▶ _Instructions to follow_: Look through the listing below for the line containing "Snowy trees and". Copy it and each line after it up to and including the line containing "Limited Edition Suede Clogs", exactly, leaving out pictures.

▶ _Available records_:
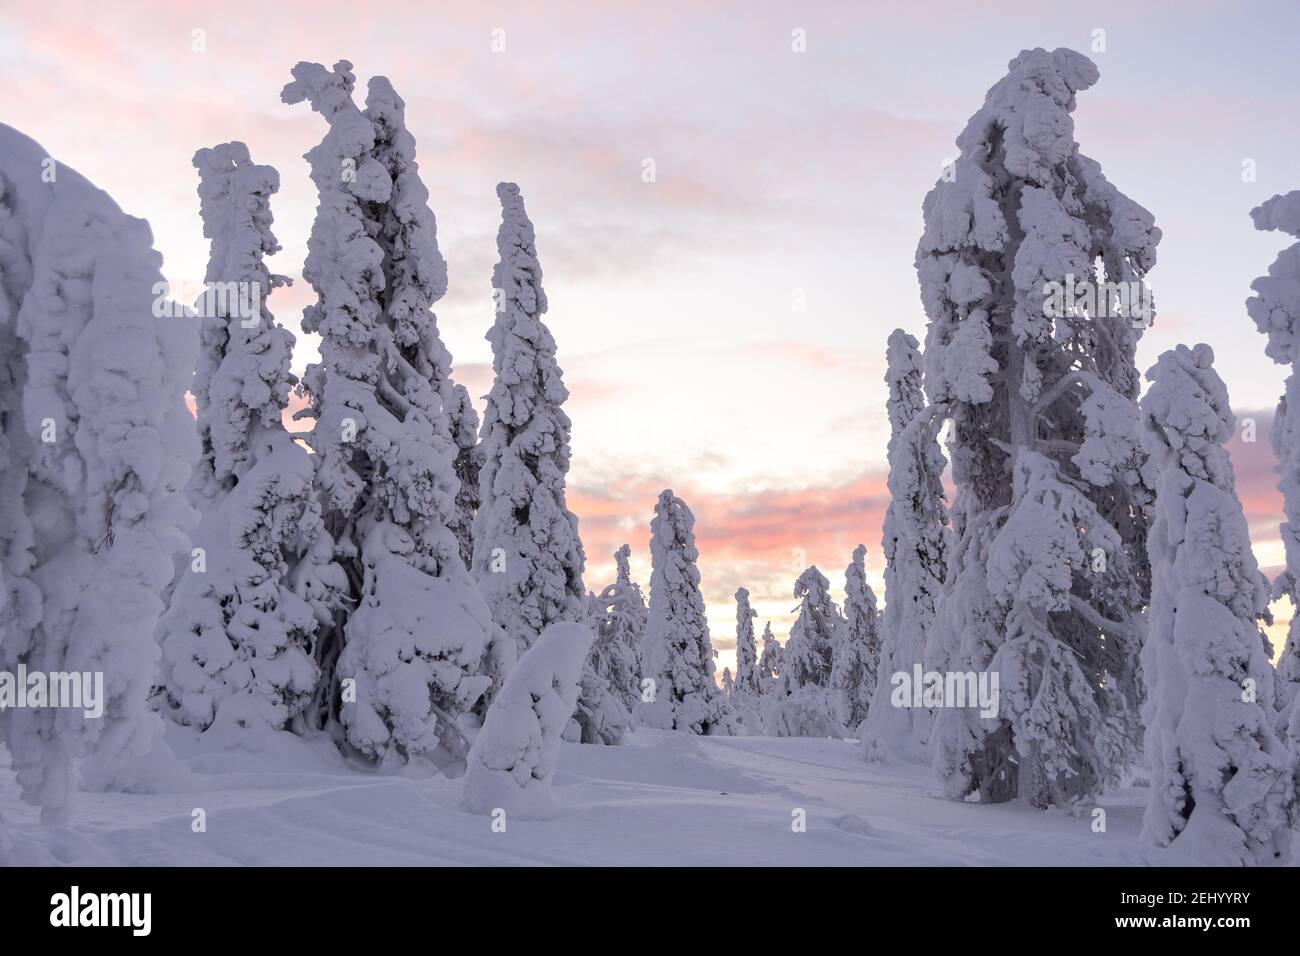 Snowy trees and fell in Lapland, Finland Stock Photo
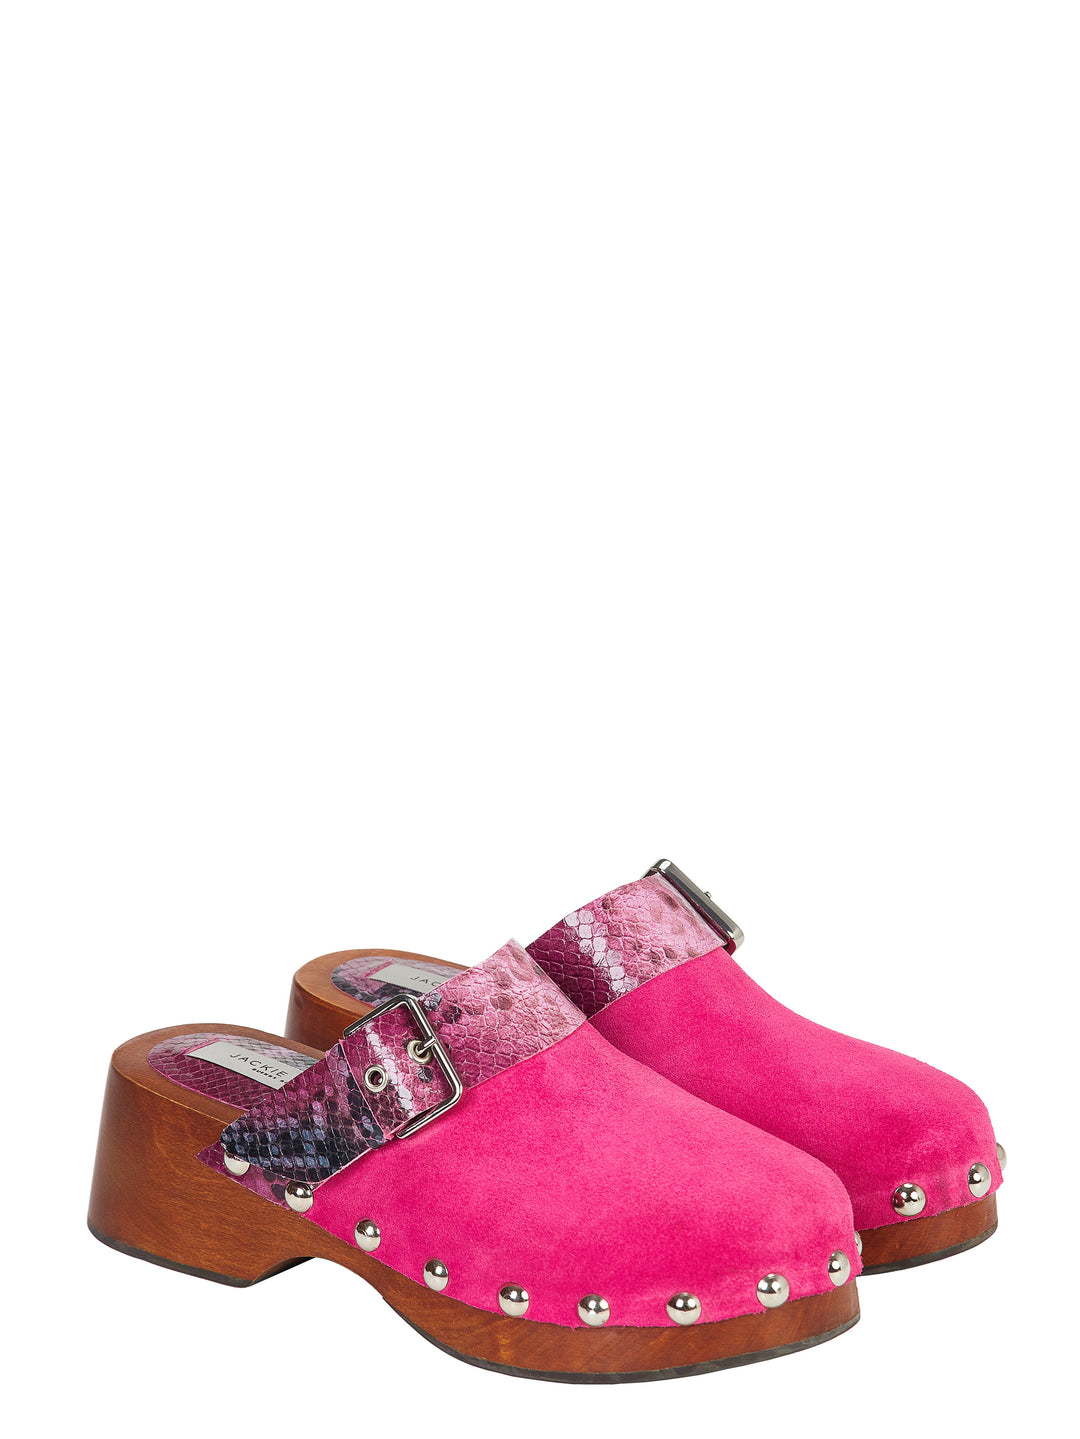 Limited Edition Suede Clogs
--
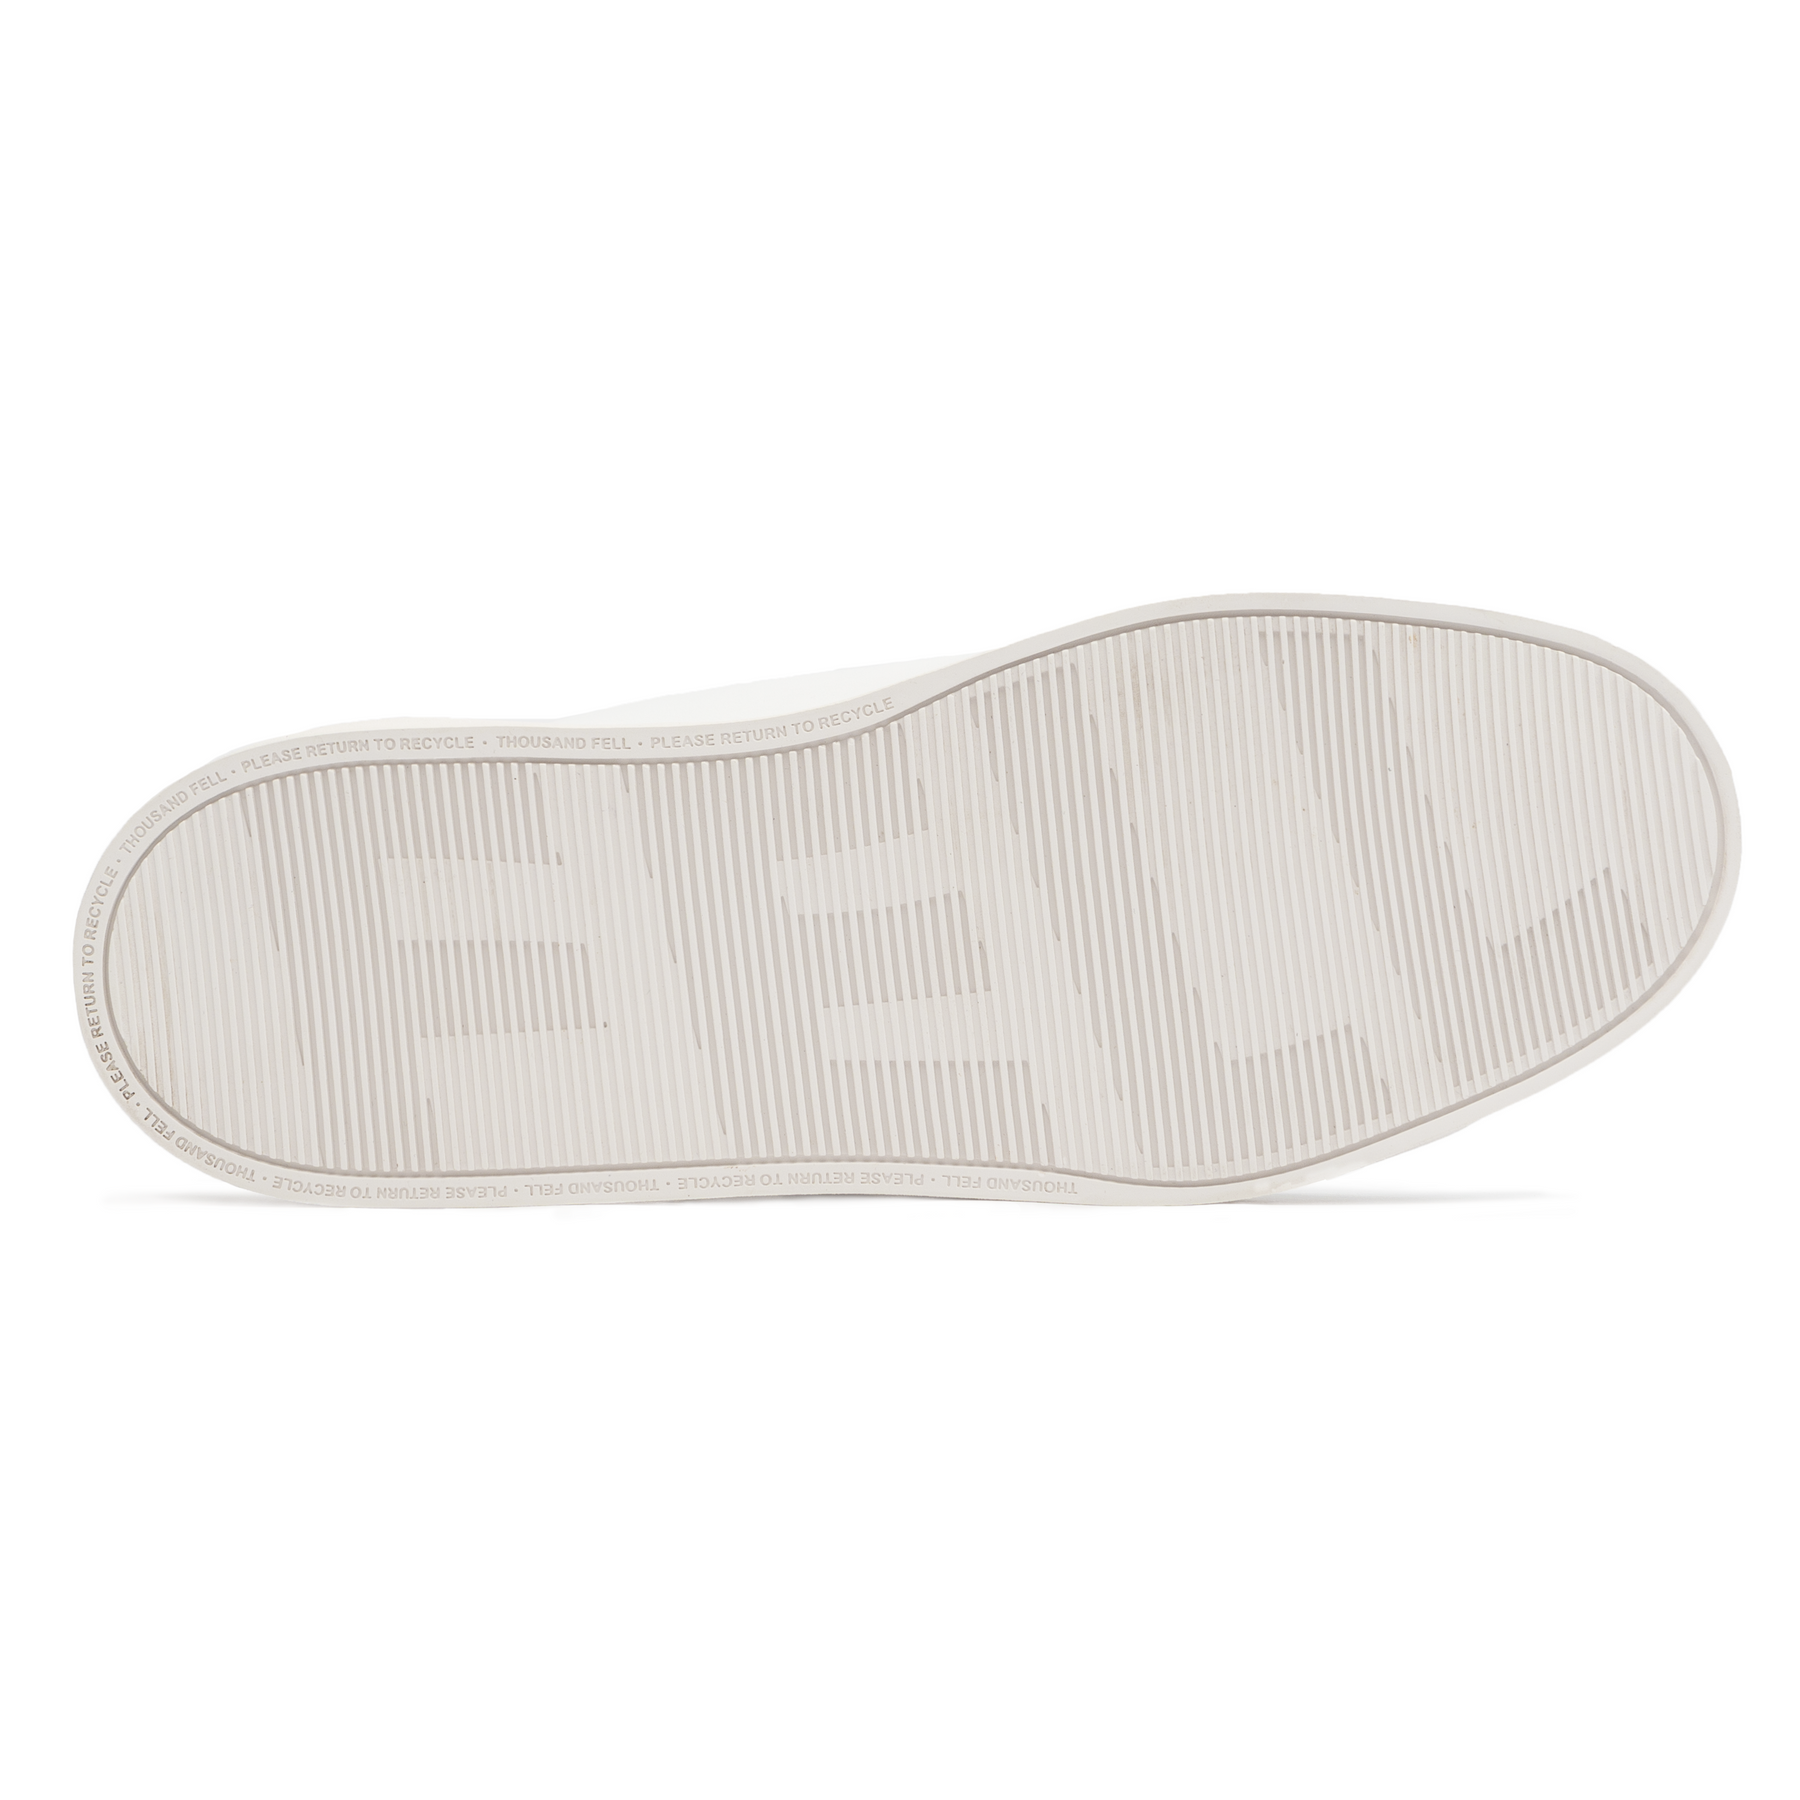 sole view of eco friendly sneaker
...
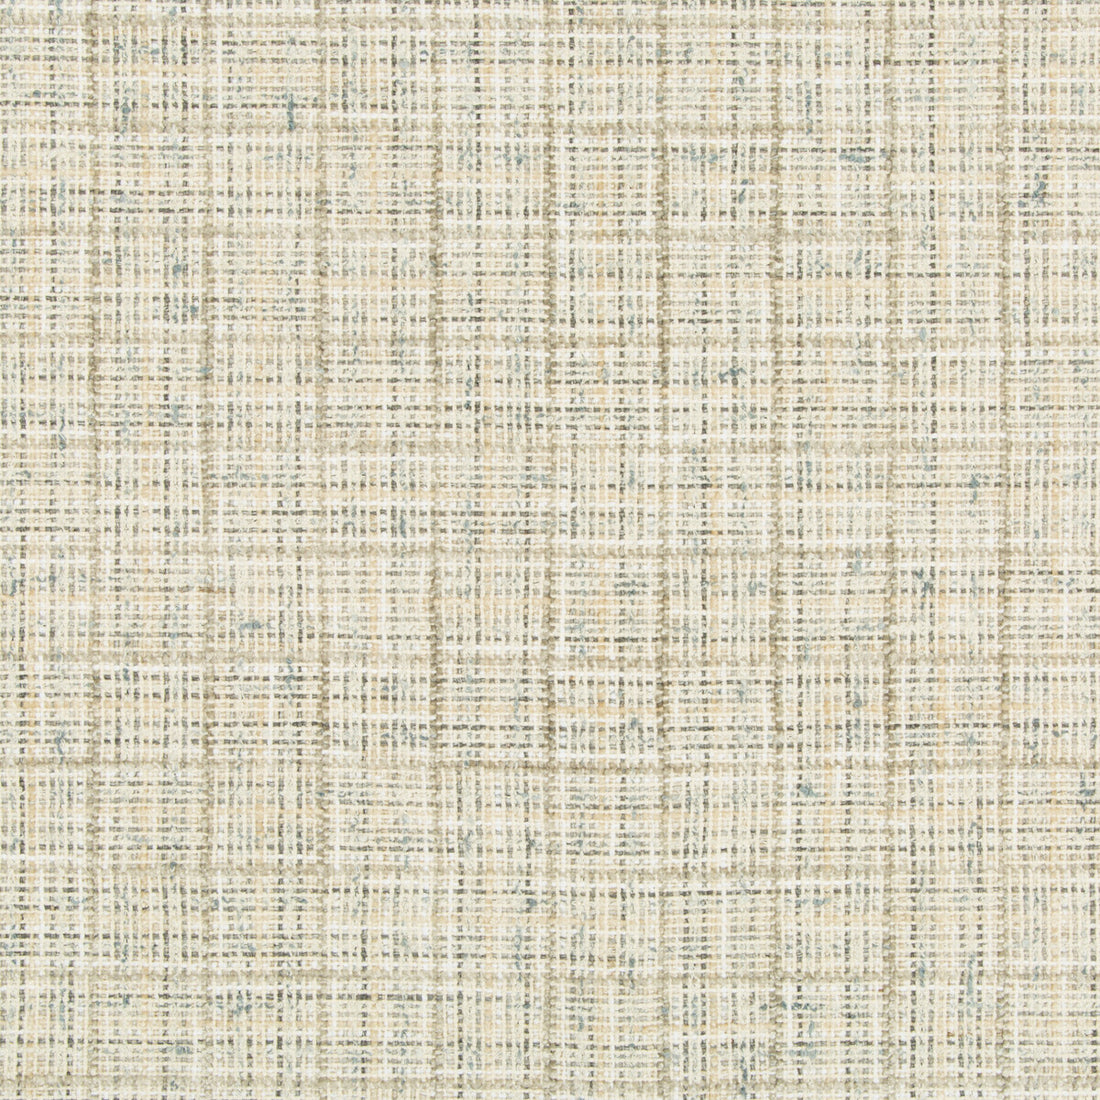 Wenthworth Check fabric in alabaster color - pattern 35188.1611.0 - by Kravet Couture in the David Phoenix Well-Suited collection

▶ _Completed exercise_:
 Snowy trees and fell in Lapland, Finland Stock Photo
 Limited Edition Suede Clogs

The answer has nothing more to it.